Patents by Inventor Jean-Claude Junqua

Jean-Claude Junqua has filed for patents to protect the following inventions. This listing includes patent applications that are pending as well as patents that have already been granted by the United States Patent and Trademark Office (USPTO).

  • Publication number: 20020152074
    Abstract: A library of mouth shapes is created by separating speaker-dependent and speaker independent variability. Preferably, speaker dependent variability is modeled by a speaker space while the speaker independent variability (i.e. context dependency), is modeled by a set of normalized mouth shapes that need be built only once. Given a small amount of data from a new speaker, it is possible to construct a corresponding mouth shape library by estimating a point in speaker space that maximizes the likelihood of adaptation data and by combining speaker dependent and speaker independent variability. Creation of talking heads is simplified because creation of a library of mouth shapes is enabled with only a few mouth shape instances.
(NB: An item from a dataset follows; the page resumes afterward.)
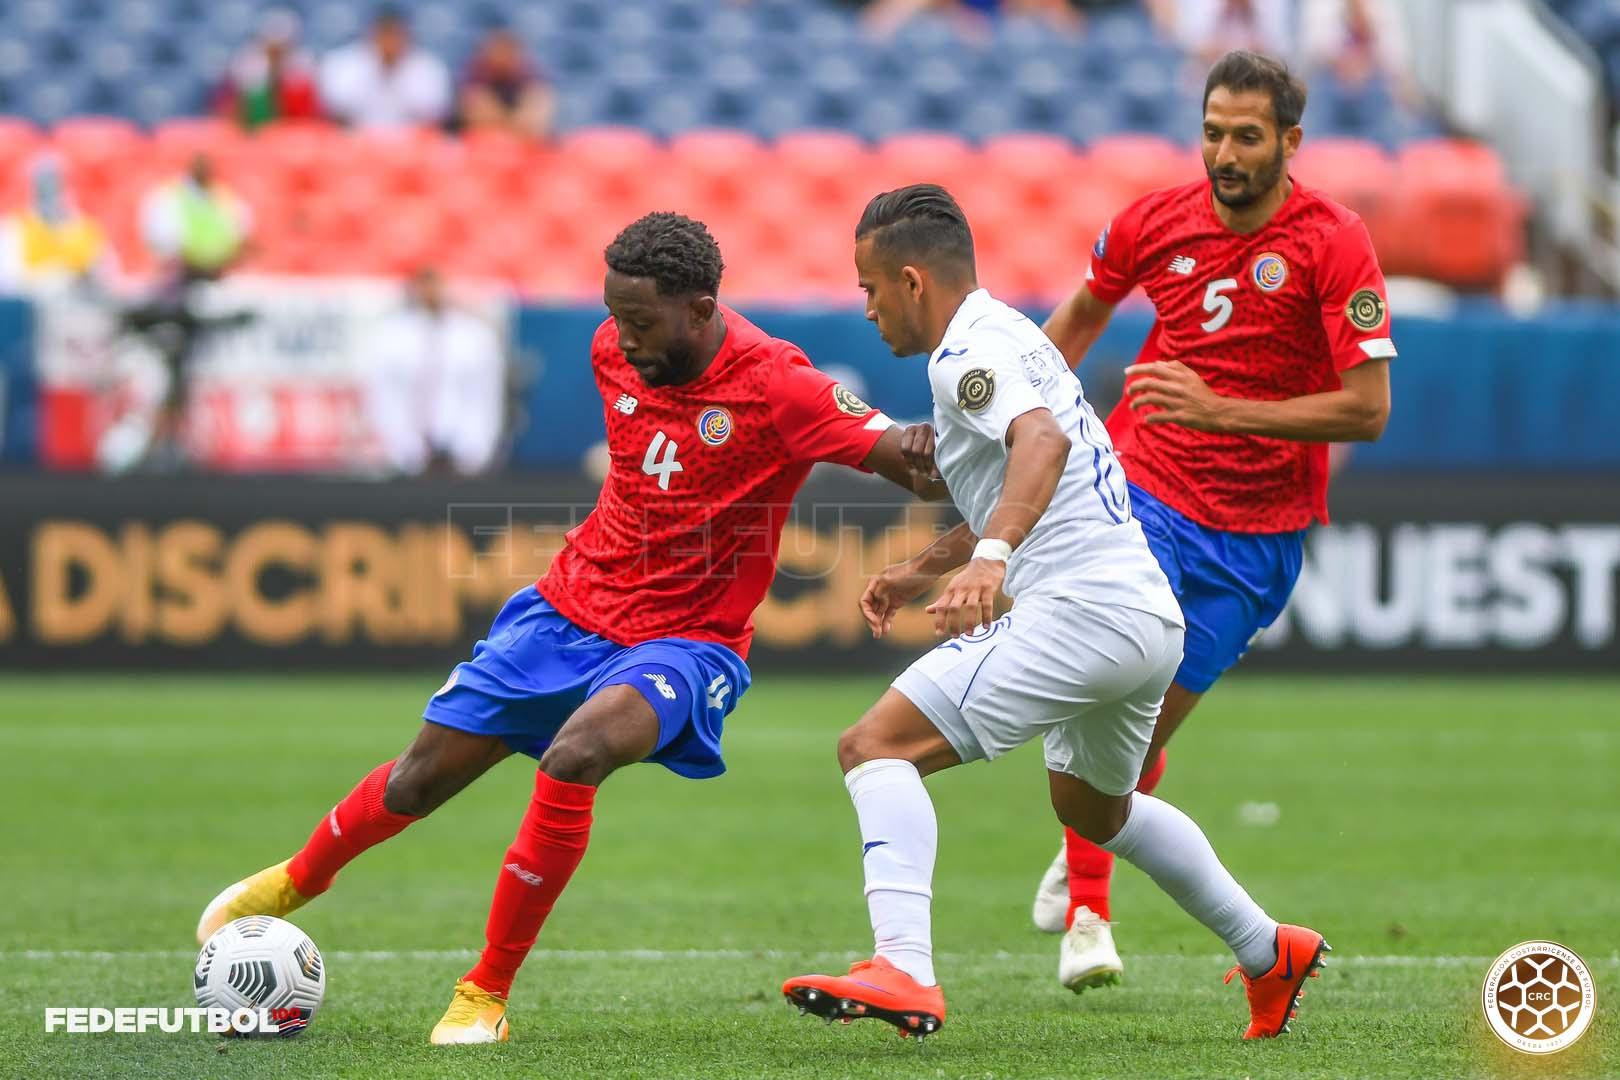 La Tricolor cerró su participación en el Final Four

To build the speaker space, a context independent mouth shape parametric representation is obtained. Then a supervector containing the set of context-independent mouth shapes is formed for each speaker included in the speaker space.
    Type: Application
    Filed: March 12, 2002
    Publication date: October 17, 2002
    Inventor: Jean-Claude Junqua
  • Patent number: 6463413
    Abstract: A distributed speech processing system for constructing speech recognition reference models that are to be used by a speech recognizer in a small hardware device, such as a personal digital assistant or cellular telephone. The speech processing system includes a speech recognizer residing on a first computing device and a speech model server residing on a second computing device. The speech recognizer receives speech training data and processes it into an intermediate representation of the speech training data. The intermediate representation is then communicated to the speech model server. The speech model server generates a speech reference model by using the intermediate representation of the speech training data and then communicates the speech reference model back to the first computing device for storage in a lexicon associated with the speech recognizer.
    Type: Grant
    Filed: April 20, 1999
    Date of Patent: October 8, 2002
    Assignee: Matsushita Electrical Industrial Co., Ltd.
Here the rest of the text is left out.